The Truth and Justice Commission has forcibly demanded to set up a high-powered independent body to address the issue of enforced disappearances in Pakistan. Even the Human Rights Commission of Pakistan (HRCP) has also demanded a credible commission to investigate the whole issue. Mr. John Solecki of the UN High Commissioner for Refugees in Quetta, Pakistan was released and about 150 persons have surfaced. The government, however, has not set up a commission to address the whole issue of disappearance.

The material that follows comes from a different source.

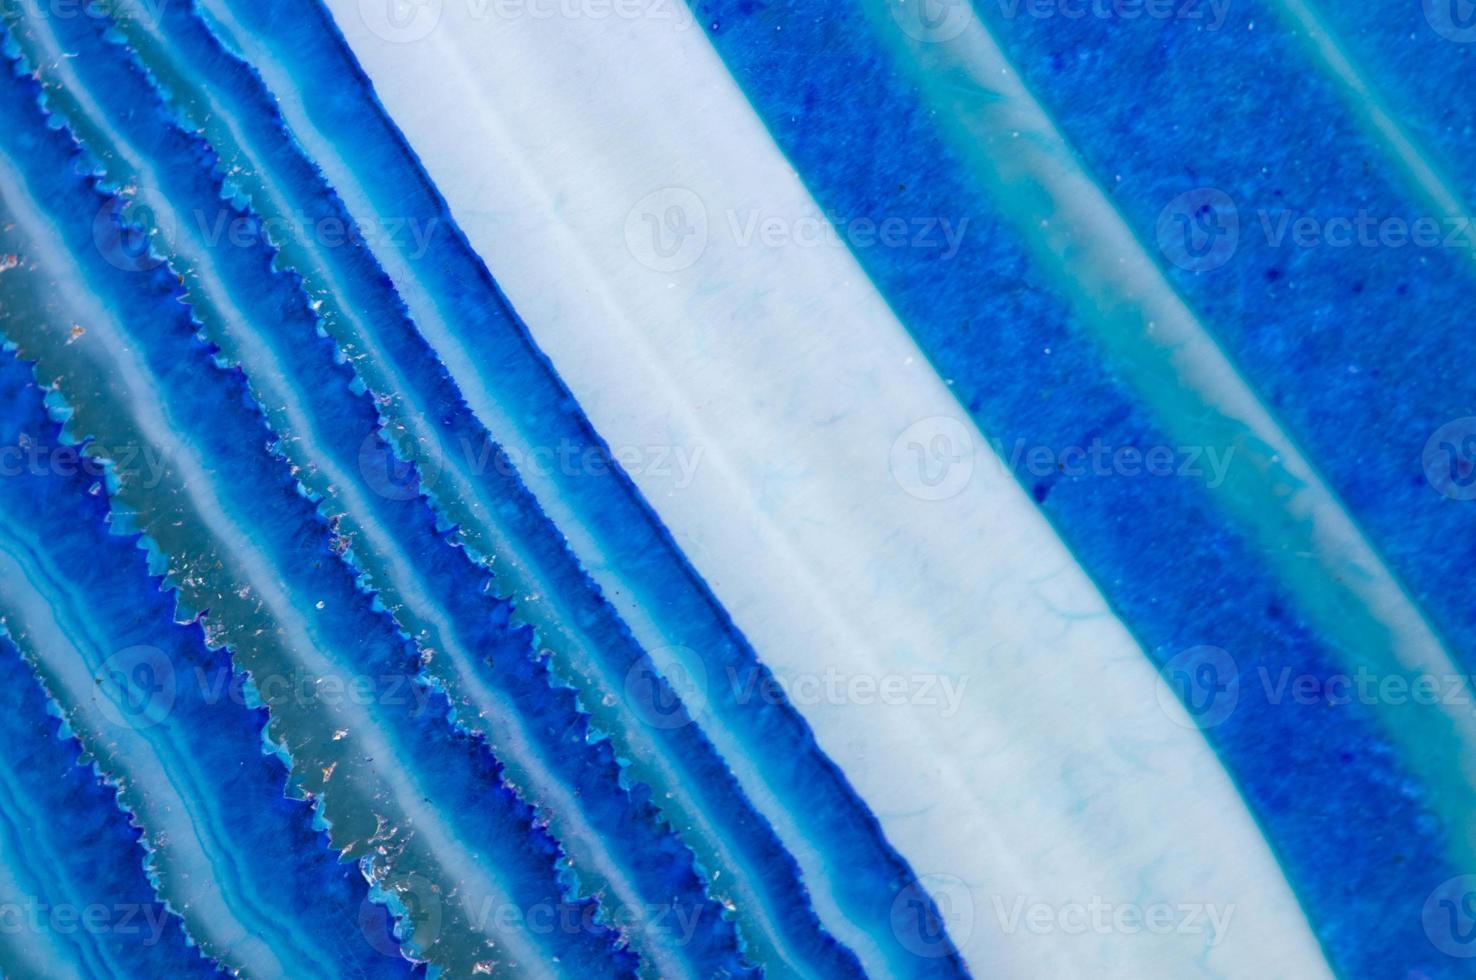 onyx bleu cristal. macro. photo

Human rights, including the right not to be subjected to enforced disappearance, are a primary claim against the public authority of the state. The fundamental duty of the state is to protect the life and liberty of its citizens. Human rights are universal, therefore, their enforcement must also be universal. There must be an effective universal mechanism to enforce human rights. For that reason, individuals must have an effective remedy when human rights are violated by state. Otherwise, the state will become helpless and will fail to protect life and liberty of its citizens.

Pakistan, at present, is a state where its structure is a puppet show. There is a war between states and within the state. The collateral damage is huge. Nothing is clear. Confusion and chaos lead to disappointment and helplessness.
 

Farooq Niazi is a founding member of the human rights Movement in Pakistan. He is also a founding member of Civil Liberties Council. Atty. Niazi is currently the coordinator of the Truth and Justice Commission (TJC) in Muzaffarabad, Pakistan.